This project aims to build a personalized music recommendation system using data sourced from Spotify’s API. By examining track-level features, artist similarities, genre relationships, and user listening patterns, the system generates highly tailored recommendations that elevate the listener’s overall Spotify experience. Leveraging data mining and machine learning techniques, the project organizes music into meaningful structures, identifies influential artists and trends, and delivers precise song and artist recommendations aligned with individual tastes.
- End-to-end model development: From data collection and cleaning to feature engineering, modeling, evaluation, and generating a final curated playlist.
- User segmentation: How can user listening behavior be grouped into distinct segments to enable personalized marketing and engagement strategies?
- Cross-genre connectivity: Which artists or songs serve as bridges between genres, subcultures, or listening communities?
- Content-based recommendations: How can audio features, embeddings, and metadata improve the accuracy and diversity of recommendations?
- Data
- EDA
- Model Creation
- Conclusion
To continuously gather fresh tracks for the recommendation model, I implemented a backoff-and-retry mechanism for scraping Spotify public playlists. This system automatically pauses, retries, and recovers from API rate limits, ensuring reliable extraction of track features such as popularity, danceability, acousticness, energy, instrumentalness, liveness, loudness, speechiness, tempo, and time signature. I intentionally chose this approach over using a Kaggle dataset because my previous projects had already demonstrated my ability to build models from clean, pre-curated data; this time, I wanted to engage directly with the raw, messy data returned by the API to gain deeper experience in handling real-world data workflows.
Dataset Summary:
Songs: 170,653
Artists: 28,680
Genres: 2,973
Key Findings: A significant increase in song loudness over the years, correlating with higher energy levels in music.

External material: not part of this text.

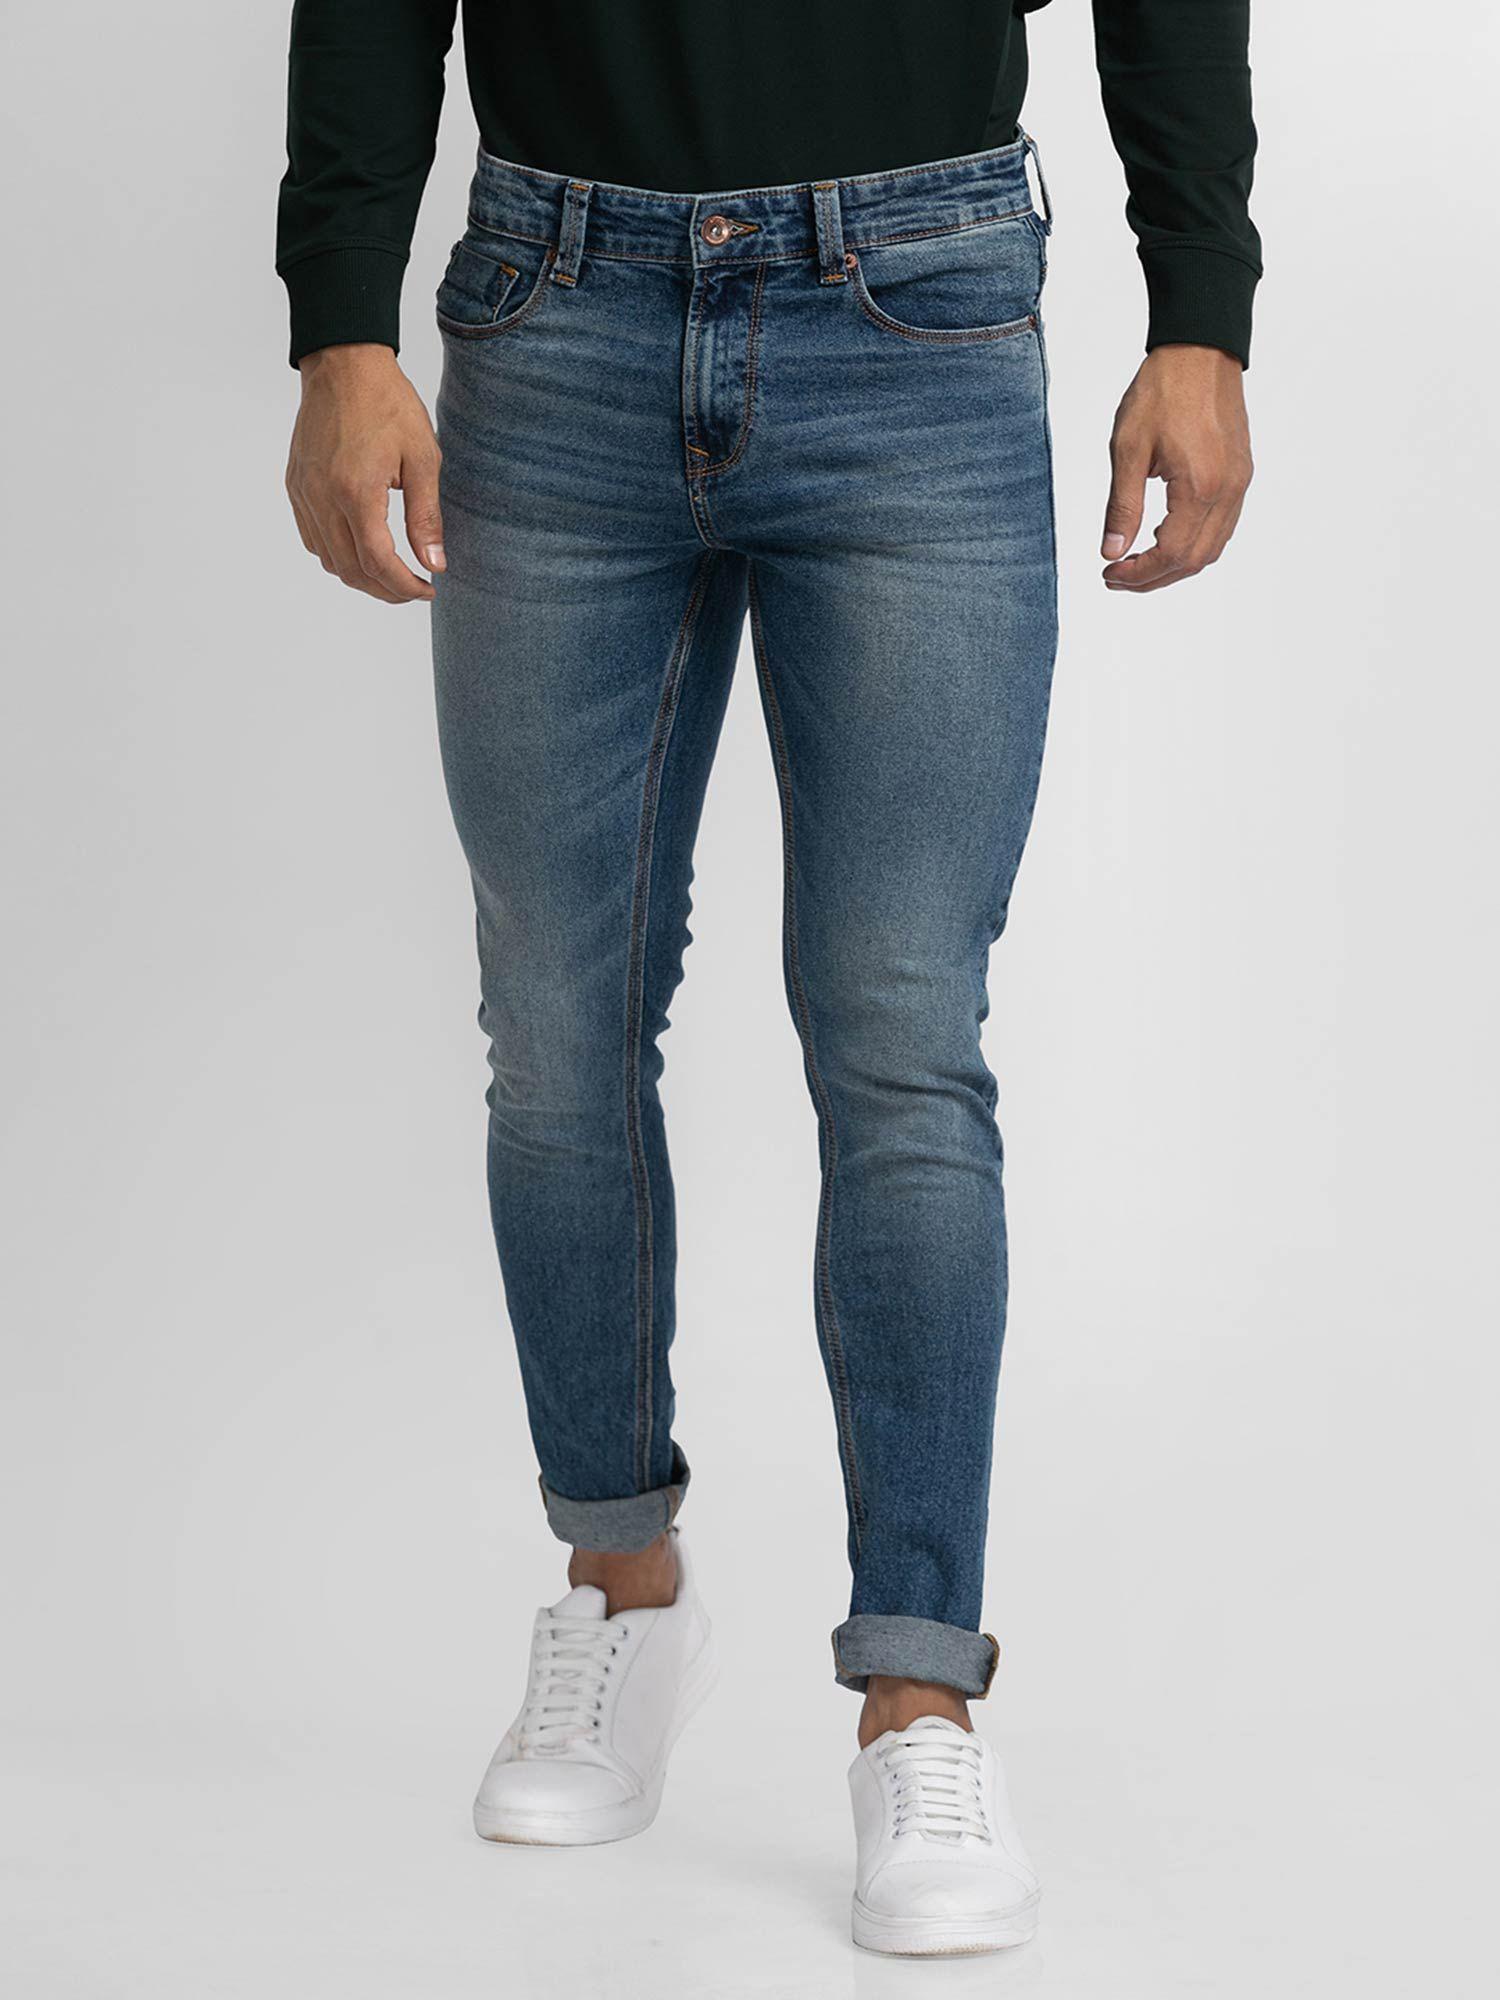 Vintage Blue Cotton Super Slim Fit Tapered Length Jeans for Men (super Skinny)

Identification of distinct trends and patterns in music characteristics across different time periods and genres.
- Logistic Regression (Baseline Model)
I began with a Logistic Regression model to establish a baseline for comparison. After training on the feature set, I evaluated performance using predicted labels and a confusion matrix to understand the model’s strengths and weaknesses. This baseline helped determine whether more complex models were necessary.

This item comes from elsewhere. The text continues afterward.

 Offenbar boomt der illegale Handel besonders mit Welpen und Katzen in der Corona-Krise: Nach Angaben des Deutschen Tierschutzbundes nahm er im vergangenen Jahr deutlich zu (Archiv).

- Decision Tree Classifier + GridSearchCV
To experiment with nonlinear modeling, I implemented a Decision Tree Classifier and optimized it using a GridSearchCV pipeline. The grid search tuned hyperparameters such as:max_depth (tree complexity) This allowed the model to adapt to the structure of the Spotify feature data while helping avoid overfitting.
- Random Forest Classifier + GridSearchCV
Building on the Decision Tree experiments, I trained a Random Forest Classifier, again using GridSearchCV for hyperparameter tuning. Parameters explored included:max_depth n_estimators (number of trees) The ensemble method improved stability and performance by reducing model variance and better capturing relationships between track features.
- Scaled Decision Tree Pipeline
To incorporate feature scaling and ensure consistent preprocessing, I built a pipeline using: StandardScaler DecisionTreeClassifier (max_depth=30) This pipeline standardized inputs before training, reducing feature imbalance and improving generalization on the test set.
After evaluating multiple models, the Random Forest Classifier emerged as the most effective choice for this Spotify recommendation system. Unlike Logistic Regression—which struggled with the nonlinear nature of audio features—and standalone Decision Trees—which tended to overfit—Random Forest provided the best balance of accuracy, stability, and generalization. Its ensemble structure allowed it to capture complex relationships between track attributes such as energy, danceability, loudness, and acousticness, while remaining resilient to noise and variability in the raw Spotify data. Additionally, its built-in feature importance metrics offered valuable interpretability, helping reveal which musical characteristics contributed most to the model’s predictions. Overall, Random Forest delivered the most reliable performance and aligned best with the real-world complexity of music recommendation tasks.